Hitting the Reset Button

I remember a few months back, staring incredulously at the bank statement on my phone. I knew it was coming. But now that it was here, I still had a hard time accepting reality of the latest entry. It was a deposit. From the Social Security Administration. I really was retired.

One of the major challenges of retirement is finding something just as fulfilling as your former careers.

Yes, I know, retirement is supposed to be a good thing. The time and freedom to do what I want. When I want. Clean the garage (or not!). Go fishing. Plan a post-COVID cruise. Detail the car, then take it on a long drive with Helen. With the top down. Blasting classic rock songs.

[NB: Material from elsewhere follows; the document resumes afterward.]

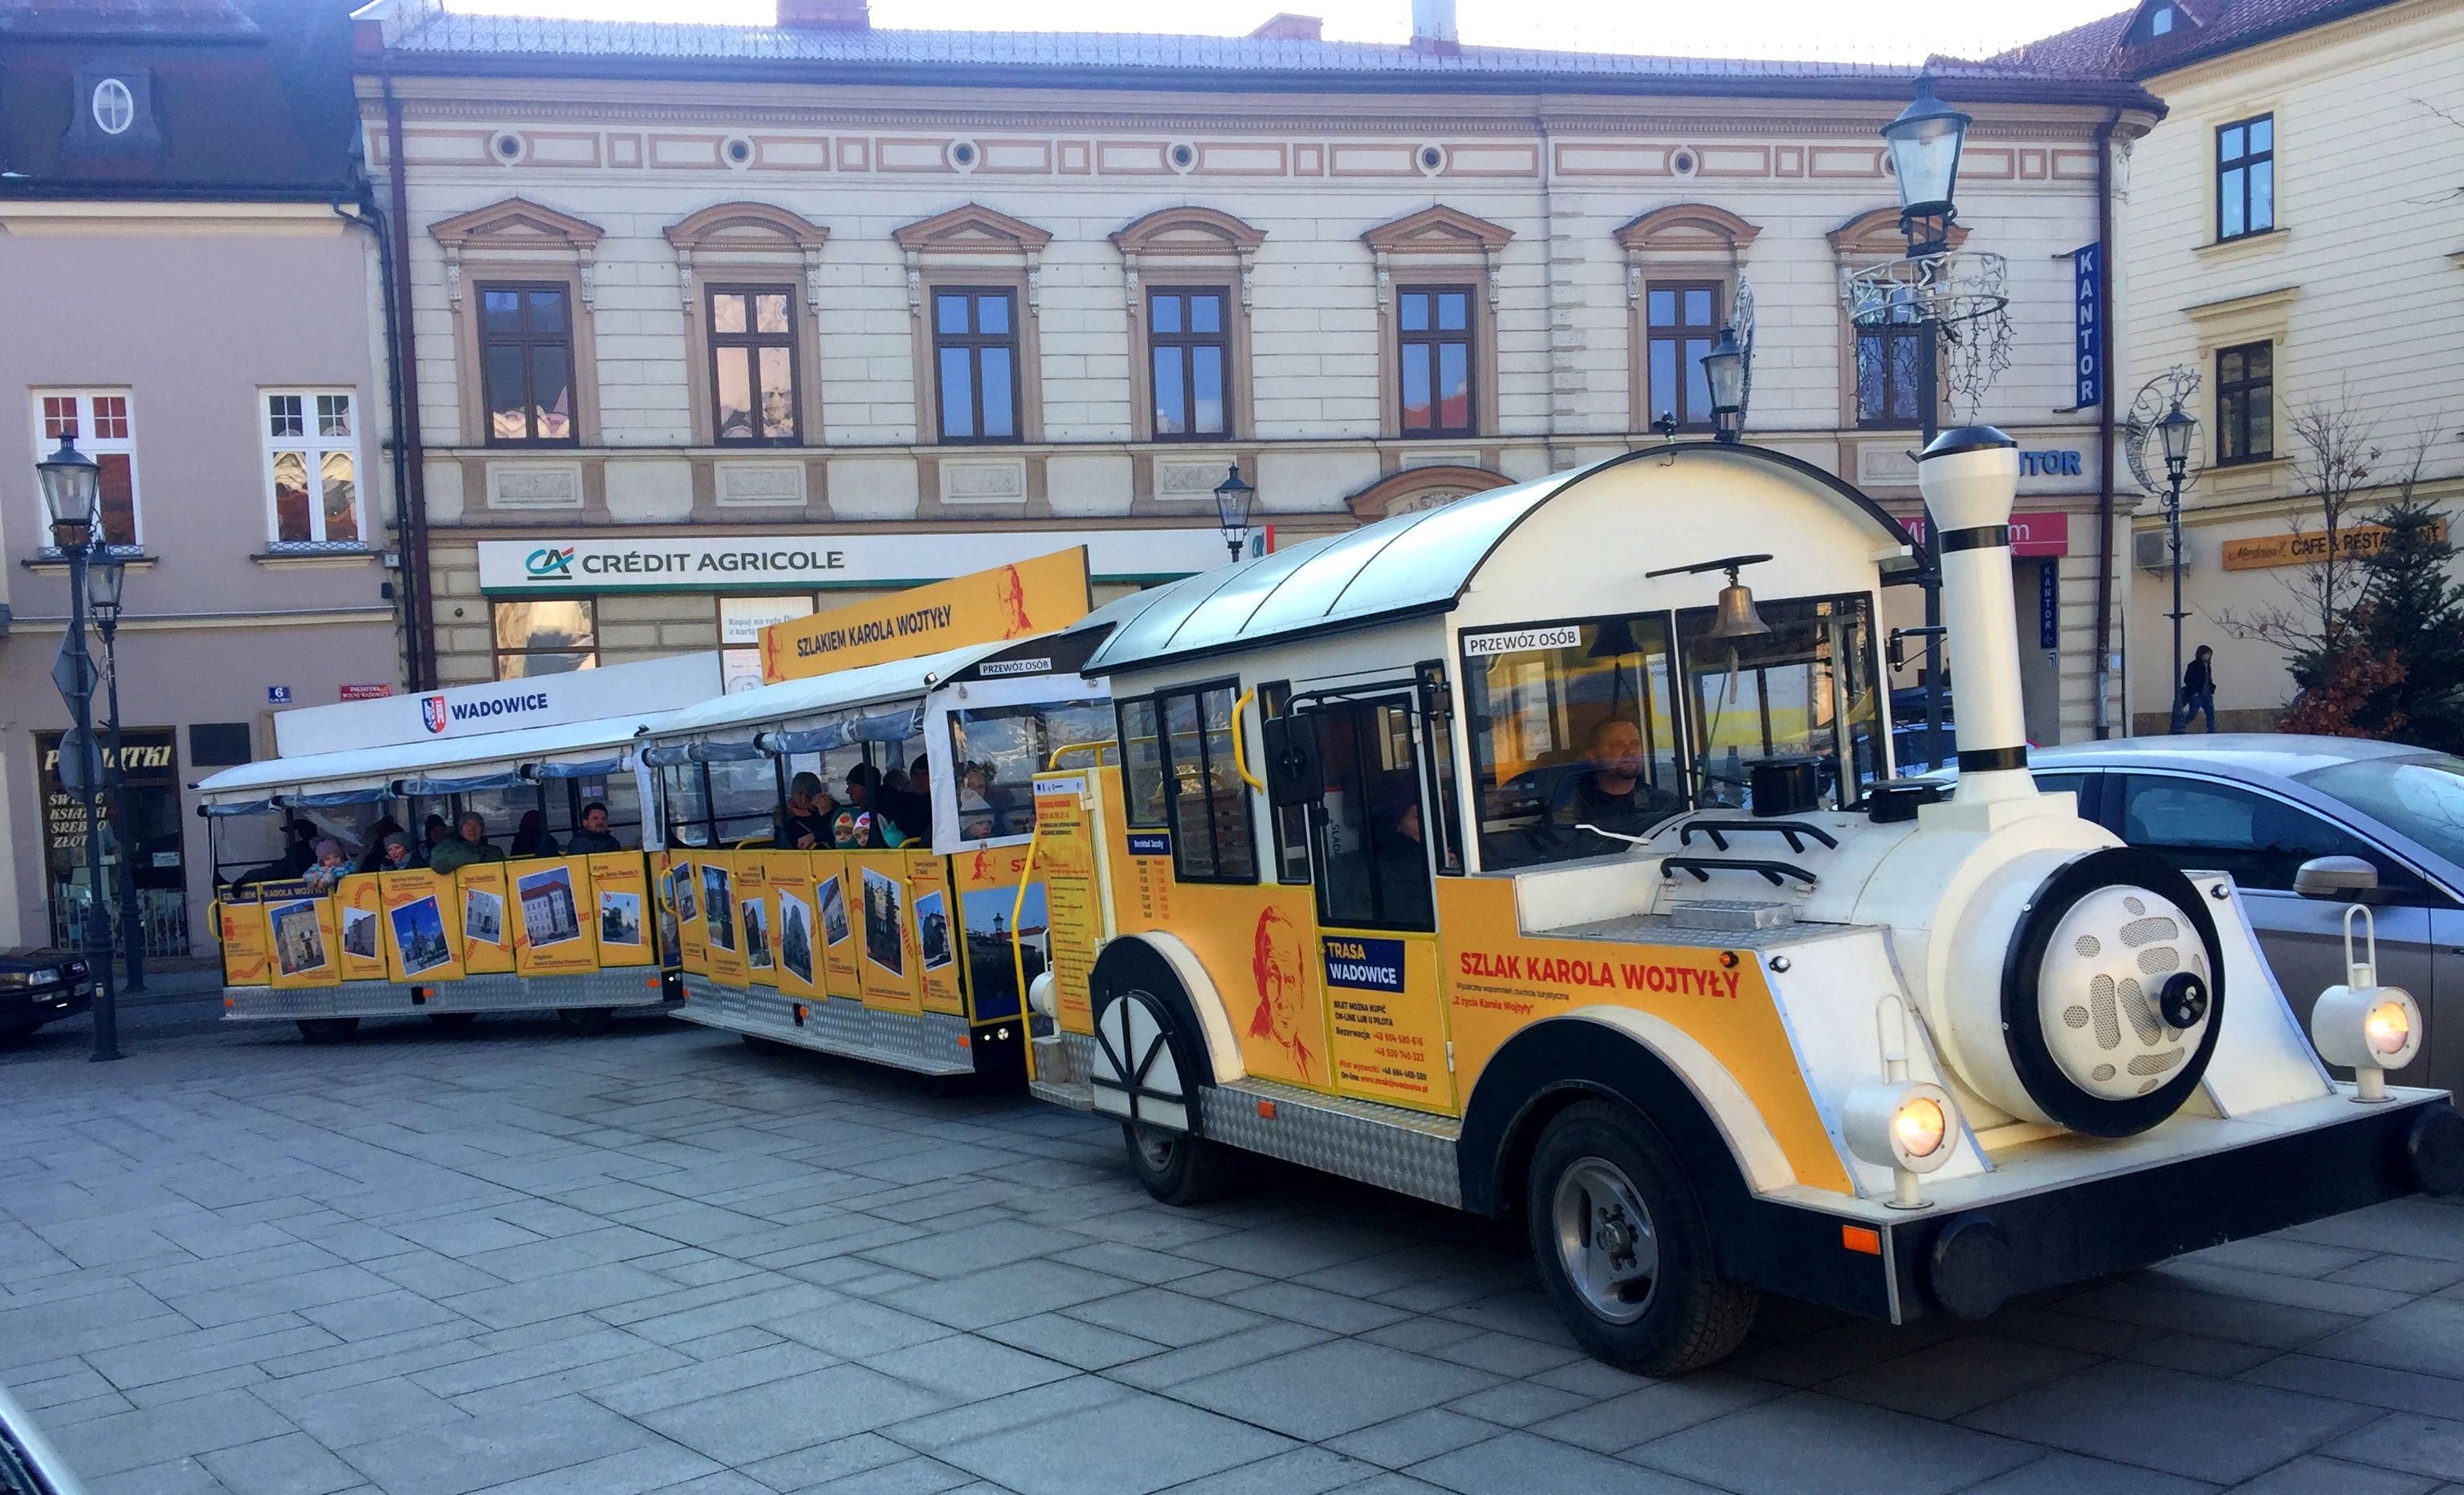 Wycieczki Szlakiem Karola Wojtyły - jeden z trzech ostatnich darmowych wtorków!

Instead, there’s the nagging feeling of things left undone. Or being done too soon, almost before I even started. Oh, I had a wonderfully fulfilling work life. My first job was more than 50 years ago, an “off the books” summer job for a produce wholesaler loading and unloading trucks at restaurants all over central New York. Eventually there were careers in journalism, university public relations and, finally, education. Now, I answer only to God and Helen.

The feeling reminded me of watching my daughter drive away to North Carolina with her fiancé. For 19 years, my primary focus in life had been being her father. It was my identity. But as I watched my identity disappear down the street and around the corner, two words entered my head – “Now what?”

Those same two words bounced around my brain as I stared at the new bank deposit. “Now what?” The real question, of course, was a bit more philosophical but nonetheless just as real, “Why am I here?”

I have never been especially strong at discernment. All too often, I thought I knew where God was pointing me, only to have friends ask later, “What were you thinking?” That’s why, for the really major things, God tends to do the equivalent of slapping me on the back of the head – as he showed me several weeks later.

The question “Now what?” is still the starting point of my retirement discernment. The answer must focus on contributing something of value to avoid becoming inconsequential. Ramping up activity instead of shuffling off to the sidelines.

The best part about surf fishing in retirement is to go on weekdays when the beach isn’t very crowded. If only the fish would show up!

Retirement doesn’t necessarily mean my goals as a human being have changed. With the luxury of time, I should have more and better opportunities to serve God, serve others, and to find fulfillment in this precious gift of life God has granted me. I simply need to discern how God wants me to achieve those goals. In other words – “Now what?”